Written by Andrew Forgotch
Last updated on February 27, 2013 @ 7:27PM
Created on February 27, 2013 @ 5:58PM
Earlier this week 5 News reported that Governor Earl Ray Tomblin introduced a bill to the Senate that called for sprawling education reform in the Mountain State.
That bill, Senate Bill 359, follows a wide-ranging audit done on the state's education system. The goal of that audit was to find ways to save money and bolster test scores.
At least one group of folks aren't too happy with what that bill suggests.
West Virginia teachers union leaders have blasted it, and some have even gone on record calling it "probably the ugliest bill in 30 years".
Their biggest complaint is that it doesn't listen to any suggestions that came out of that audit.

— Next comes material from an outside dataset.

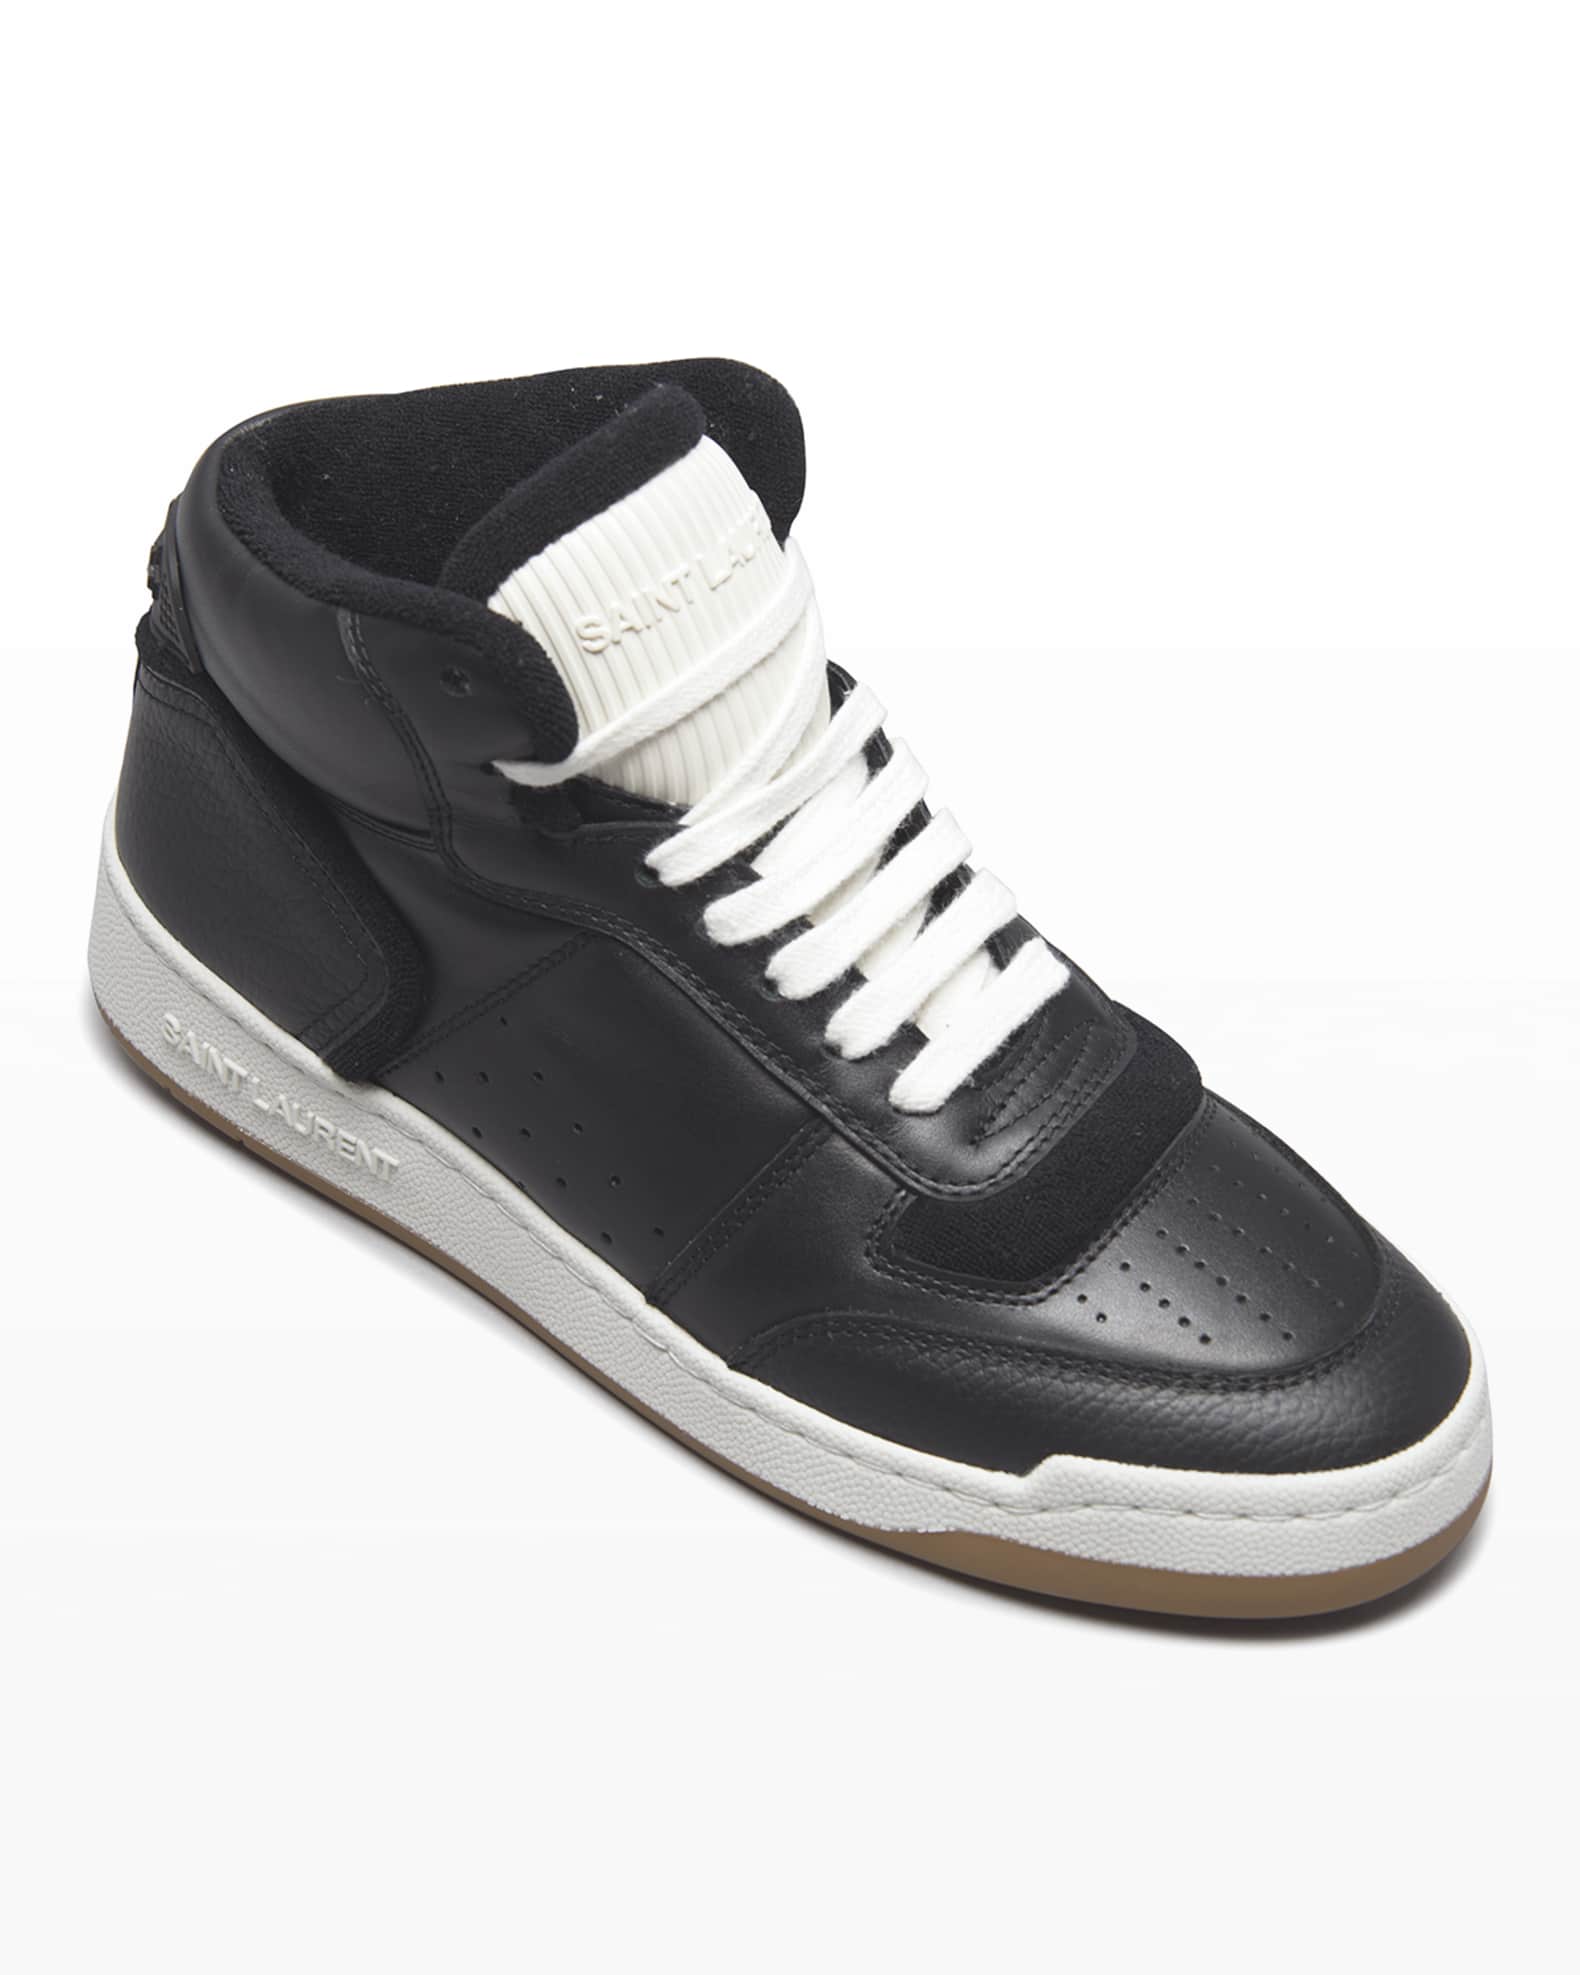 Saint Laurent SL80 Leather High-Top Court Sneakers | Neiman Marcus

In the 179-page bill, Tomblin asks for a change in the way the state sets public school calendars and he also wants to require pre-kindergarten classes across the Mountain State.
Officials with the teacher's union told 5 News on Wednesday that it does nothing to address the biggest problem cited by the audit, which claimed the education system is top heavy and has too many administrators.
Instead, they claim the bill comes with a lot of changes that aren't good for teachers.
Sam Brunett, the president of the American Federation of Teachers in Monongalia County, said it also takes away the role seniority plays in the hiring process for teachers. He also said he's upset because the bill asks for teachers to work beyond their 43-week contract period.
Brunett mentioned if this bill goes through our state is going to have a tough time finding quality teachers who will want to work here.
"West Virginia is already ranked 49th in the nation in pay (for teachers)," Brunett said. "They're looking at pay cuts with this proposed bill by not paying for holidays."
Brunett also said the bill also calls for a cut in the amount of planning time teachers get, which is another thing he said teachers value. He also said it opens the way for Teach For America to come the Mountain State.
Teach for America allows folks with any type of degree to teach for one year in a school.